Restate the data word for word and leave the images out.

▶ _INPUT DATA_:
──────────
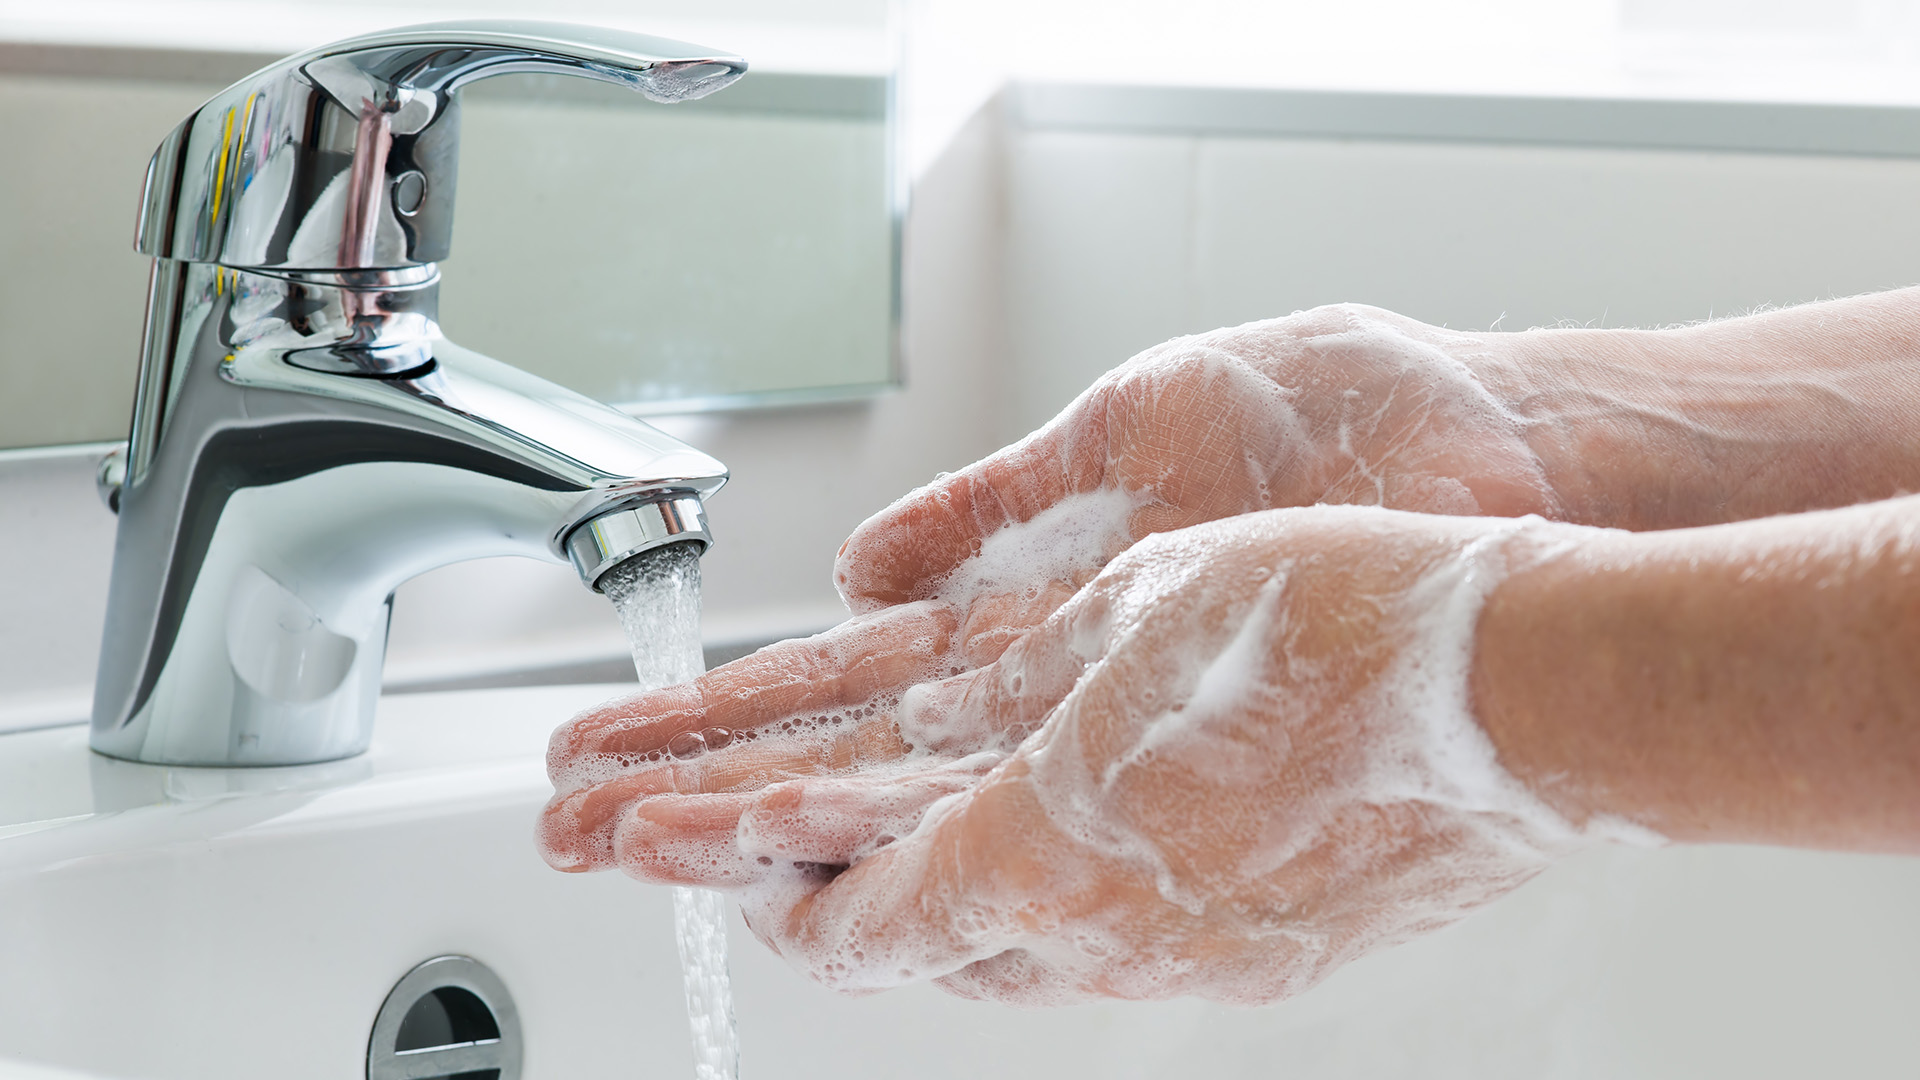 Lavarse las manos frecuentemente con agua y jabón
(Getty Images)
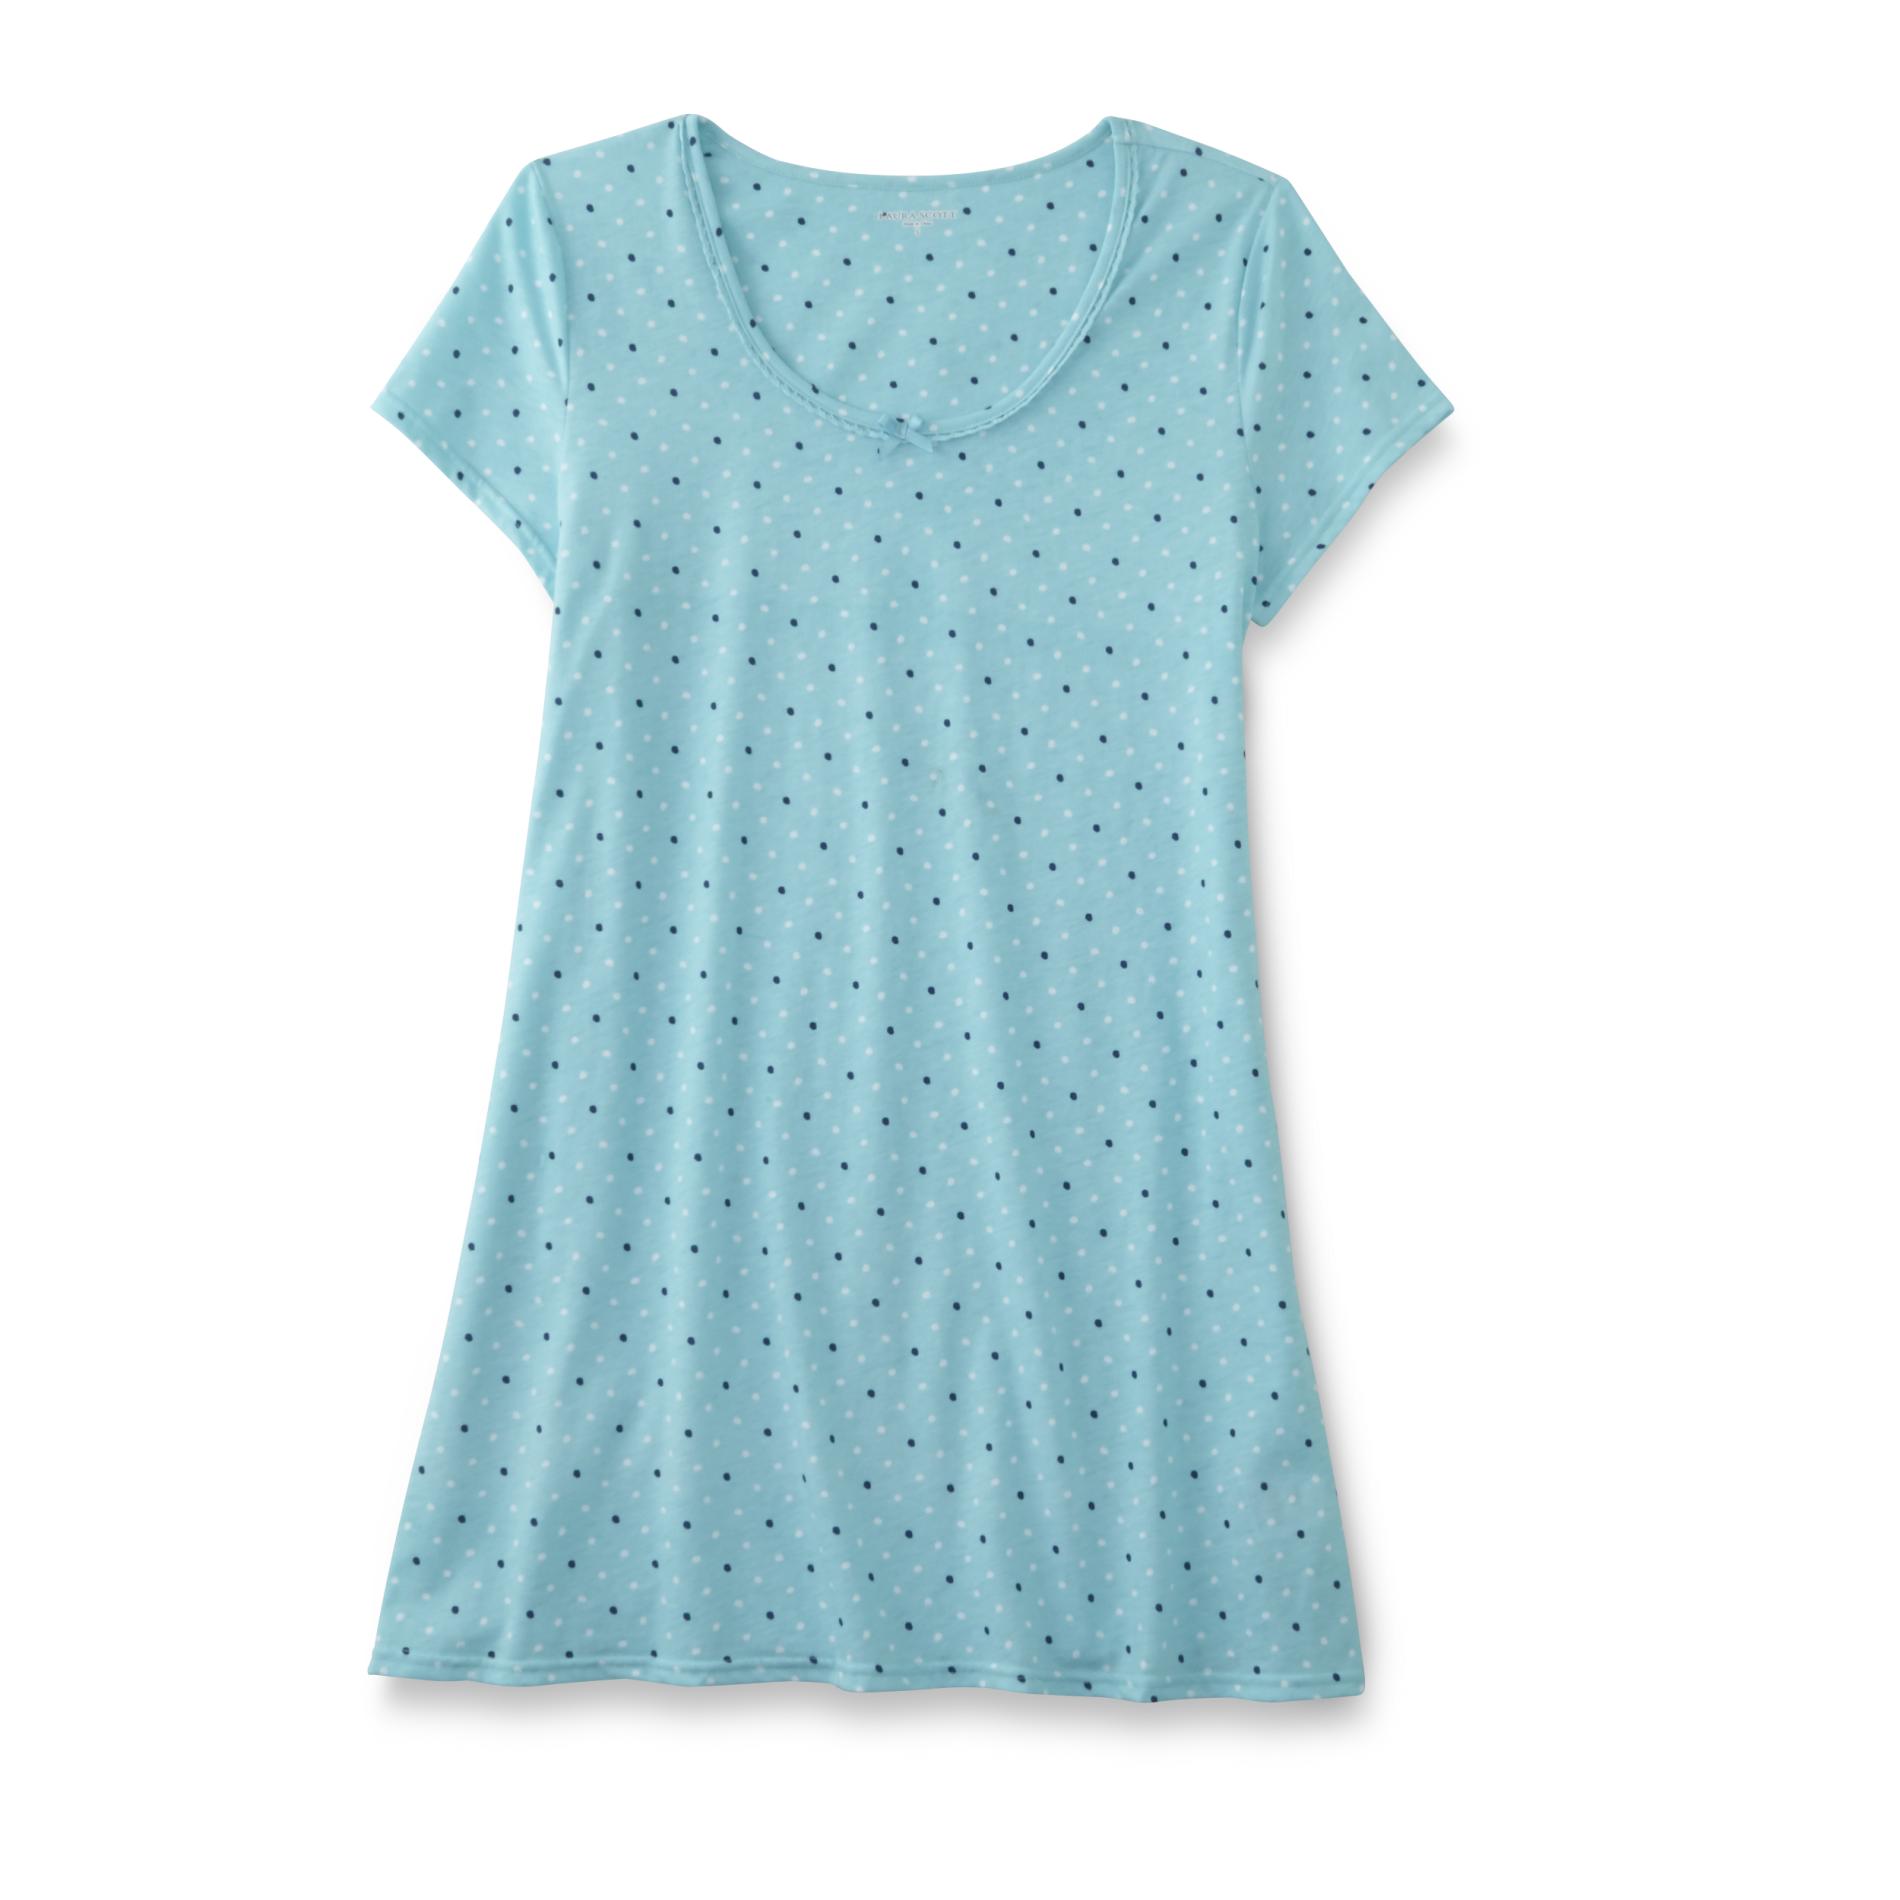 Women's Sleep Shirt - Polka Dot
──────────
▶ _WRITTEN ANSWER_:
 Lavarse las manos frecuentemente con agua y jabón
(Getty Images)
 Women's Sleep Shirt - Polka Dot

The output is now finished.